Я точно знаю – от негатива надо отвлекаться. Не будет получаться – нервный срыв гарантирован. Истерики, депрессии, тревога. Для меня лучшим развлечением, отвлечением, просто отдыхом, было уединение. Книги, Интернет, дневник. Я тяжело схожусь с людьми, мне как-то легче и проще одной. Может, поэтому я и была так одинока и несчастна. Сейчас все меняется. Я лишена не только одиночества, привычного образа жизни, круга общения, но и личного пространства, что меня жутко злит и бесит иногда. Даже двери в моей каморке нет, я всегда на виду. Снова на щиколотке щелкает цепь, опять я прикована. Задумчиво качаю ногой. Как ни странно, именно эти мгновения несвободы меня успокаивают, стихает внутренний протест, все равно от меня ничего не зависит, я прикована. Остро ощущаю свою зависимость от чужой воли, и это волнует меня, дарит приятные мысли, ощущения, многие из которых я и сама не могу осознать. Разительная перемена, и это сделали со мной оковы и ошейник. Перестала стесняться многих вещей, пропали многие комплексы, я стала внутреннее свободнее и открытее, чаще улыбаться. Наверно, я похорошела. Вздыхаю. Подхожу к столу, гремя цепью по полу, включаю нет. Заданий никаких мне не дали, можно и побездельничать, тем более, это бывает достаточно редко.

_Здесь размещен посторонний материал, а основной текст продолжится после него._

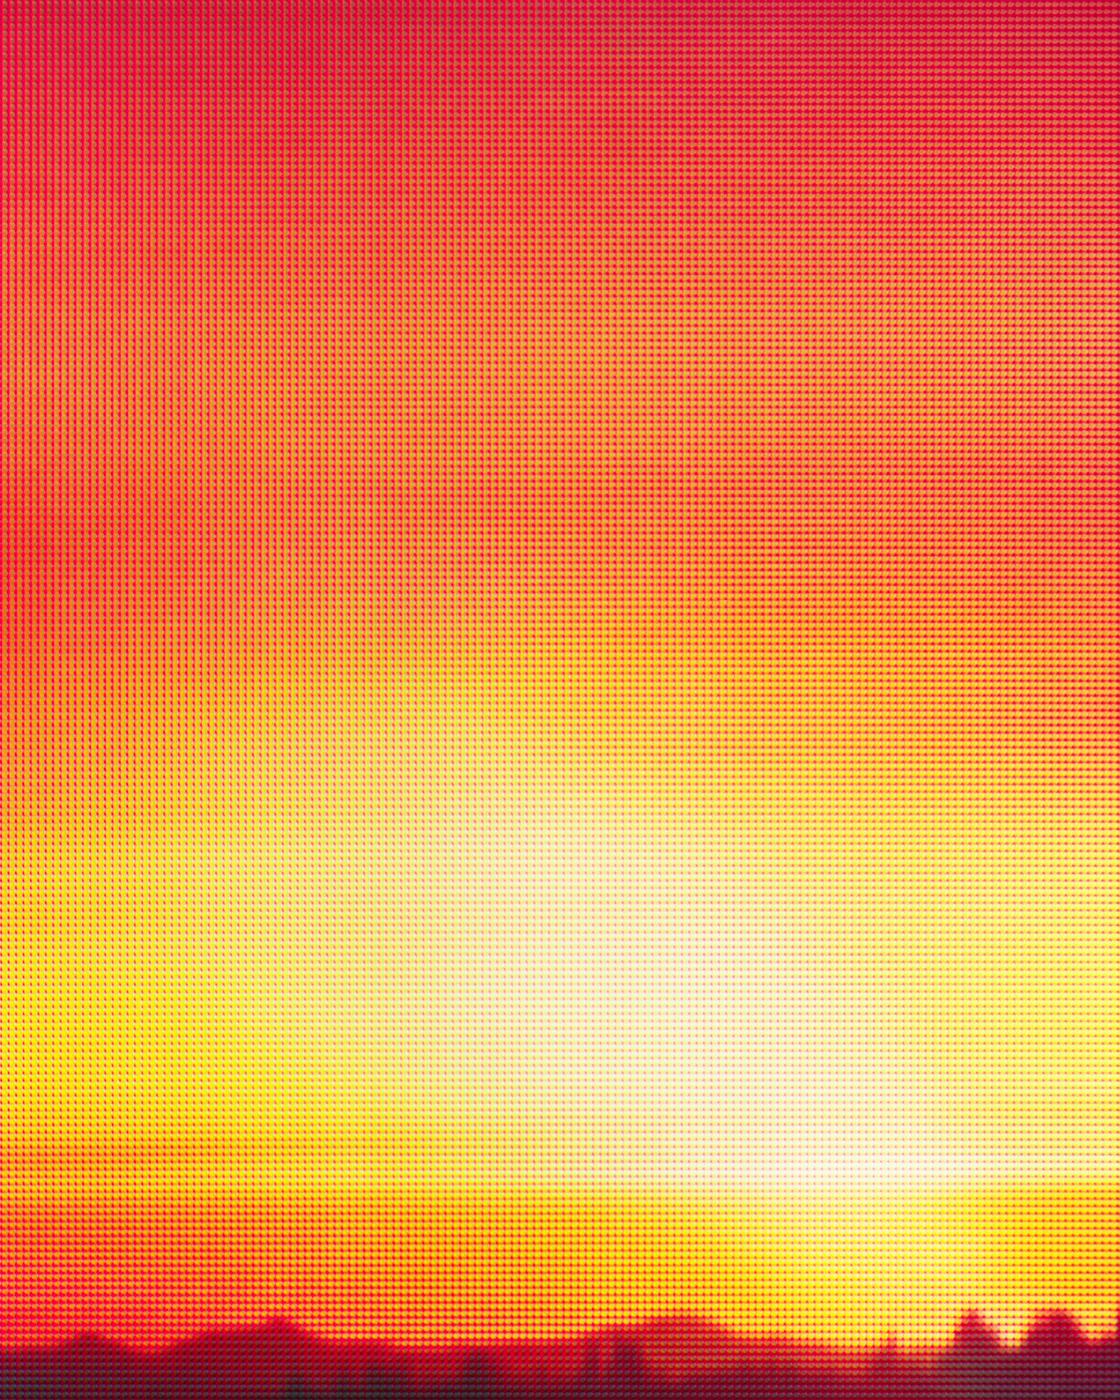 sg_sunset_06.jpg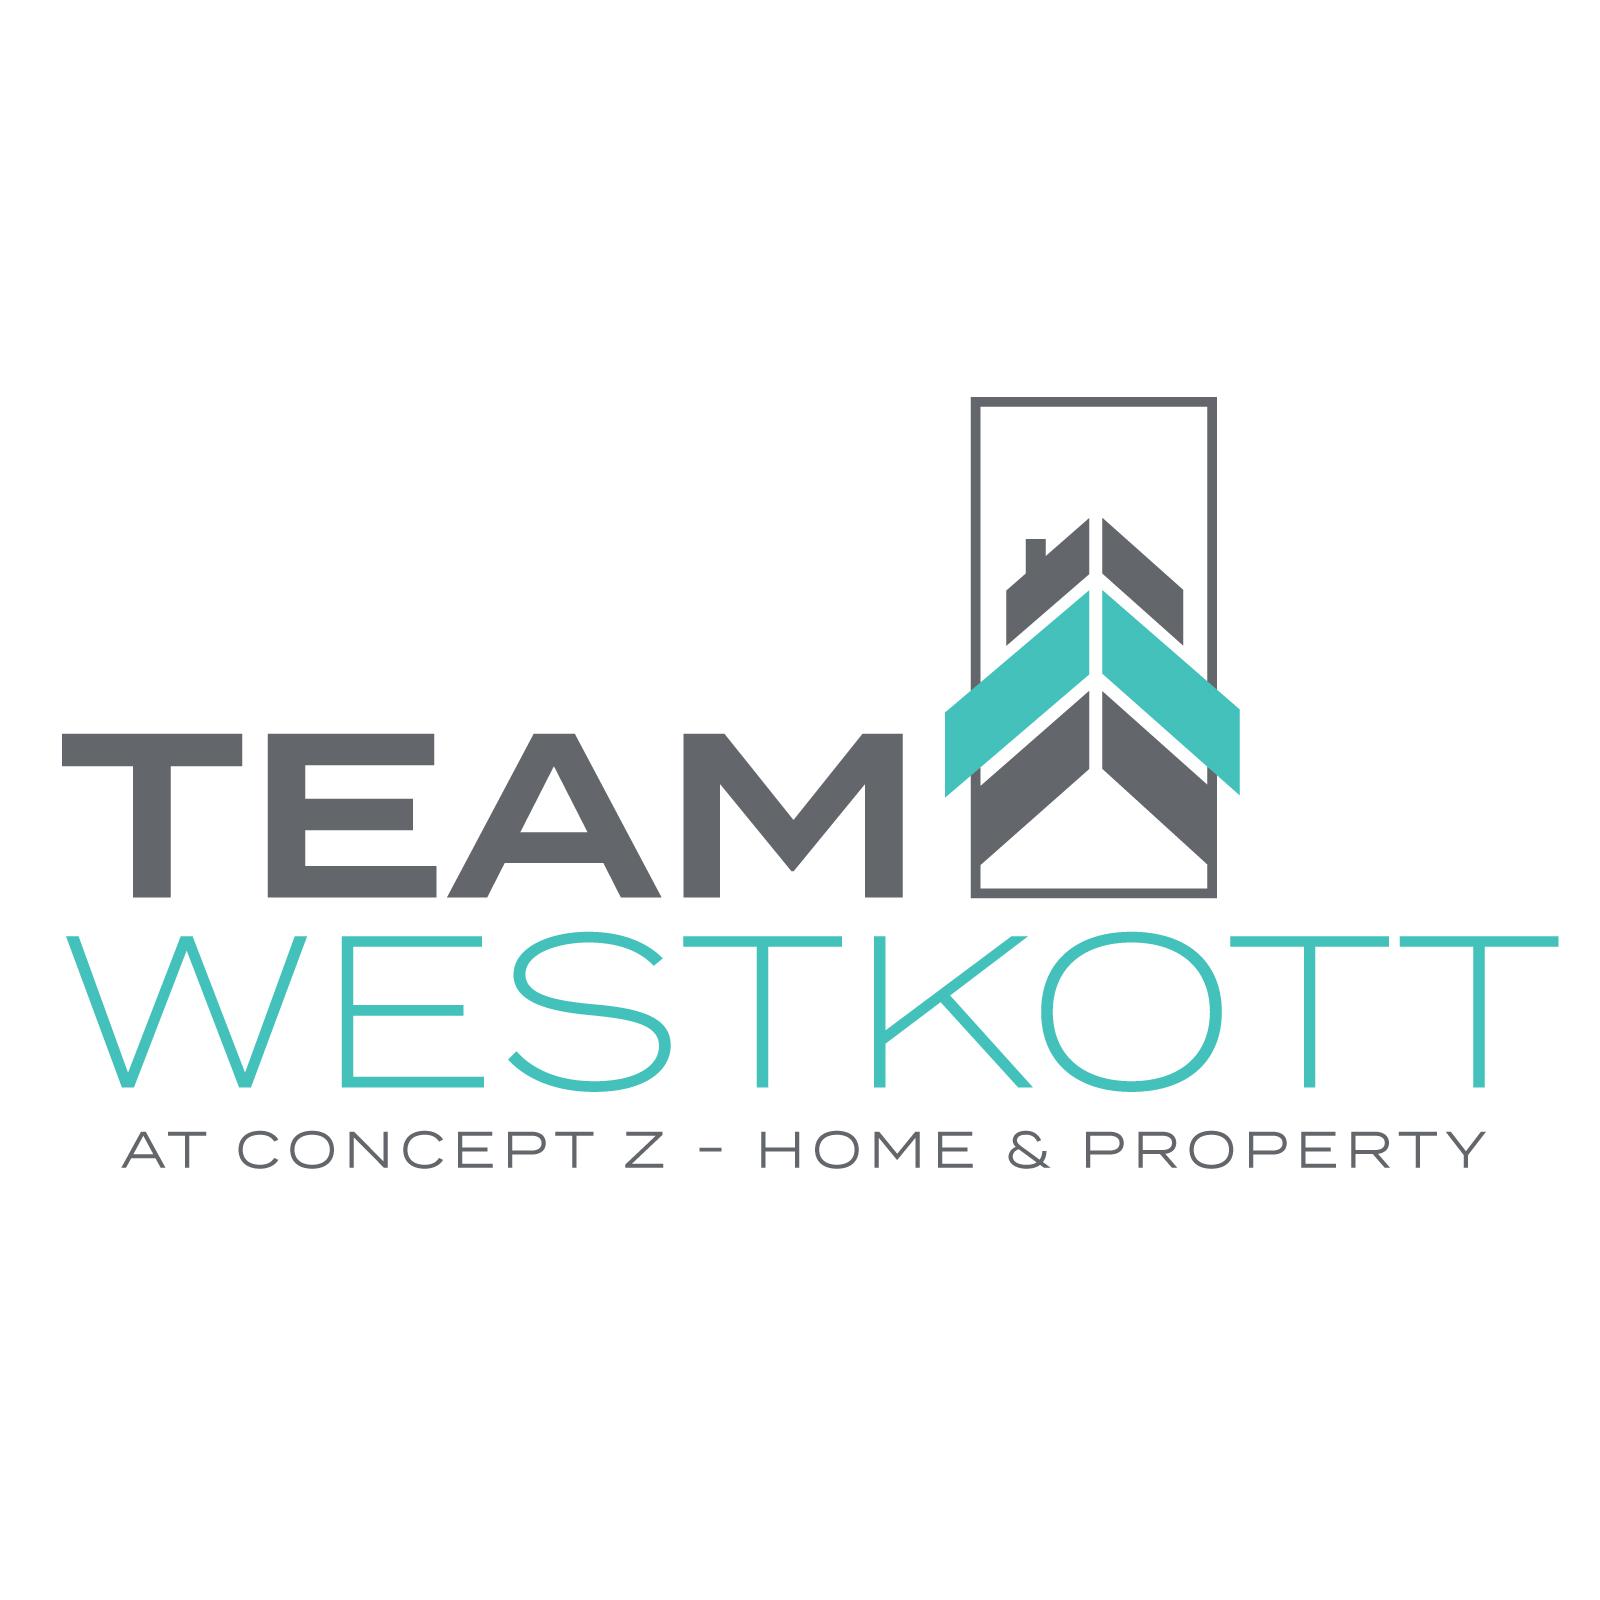 Team Westkott at Concept Z branding

Конечно, в сети нашла несколько групп, которые созданы для рабов и посвящены рабству. Вспомнила, потом и нашла там свою давешнюю знакомицу Лизу, девчонку, которая впервые открыла мне глаза на институт рабовладения, правда, в рабство она попала добровольно, выставив себя на аукцион. Встретились, болтали в кафе, и как-то незаметно подружились, хотя я тяжело обычно схожусь с людьми. Лизка была сущей оторвой, с головой она явно не всегда дружила, мое спокойствие и склонность к меланхолии уравновешивали ее безбашенные порывы. Была она в рабстве у какого-то вояки, брат ее где-то тоже служил, она однозначно имела пунктик в голове по этому поводу. Иногда я ее просто не понимала, в смысле, что она говорит. АГС, ВОГ, ствол, феня, молотилка иногда сыпались из нее мешками. Когда я переспрашивала, она снисходительно объясняла, что феня – это граната Ф-1, а АГС – автоматический станковый гранатомет. Но зато с ней было интересно, очень ново и необычно, что взбредет в оторванную напрочь голову зачастую не знала и хозяйка этой самой головы. Когда Елена разрешила мне выходить на улицу, даже просто погулять, а произошло это после «выбивания дури» из меня, я частенько каталась с ней по городу на ее старенькой Шкоде, сидели в маленьких кафешках, стесняясь, что для нее было не характерно, она давала мне читать то, что она пишет, и с какой-то робостью ждала, что я скажу. Откровенно говоря, не все мне нравилось, мне претил однозначно-определенный, безаппеляционный взгляд на некоторые вещи, зато пронзительная лирика окутывала меня туманом, я жила, радовалась и плакала вместе с ее героями, и когда я говорила это ей, Лиза отчаянно, до корней волос краснела. В одну из таких встреч я соприкоснулась с ее миром, и он обжег меня, как лед и пламя одновременно.
В один из жарких летних дней мы ехали по городу. Обе в ошейниках, босиком, она в летнем коротком платье, я в капри и легкой блузе. Лизка водила достаточно агрессивно, обожала скоростные участки и могла такое загнуть за рулем, как она выражалась, по-французски, что мне становилось неудобно. Было жарко, окна мы опустили, и частенько из проезжающих мимо машин поступали скабрезные предложения интимного досуга, на которые я уже научилась не обращать внимания. Но один из таких умных, на пафосном Лексусе, оказался настойчивым. На одном из светофоров, опустив стекло, здоровый и наглый мужик, с толстенной золотой цепью на шее и легкомысленной гавайке, почти высунулся из окна, окинул нас заинтересованным сальным взглядом и осклабился.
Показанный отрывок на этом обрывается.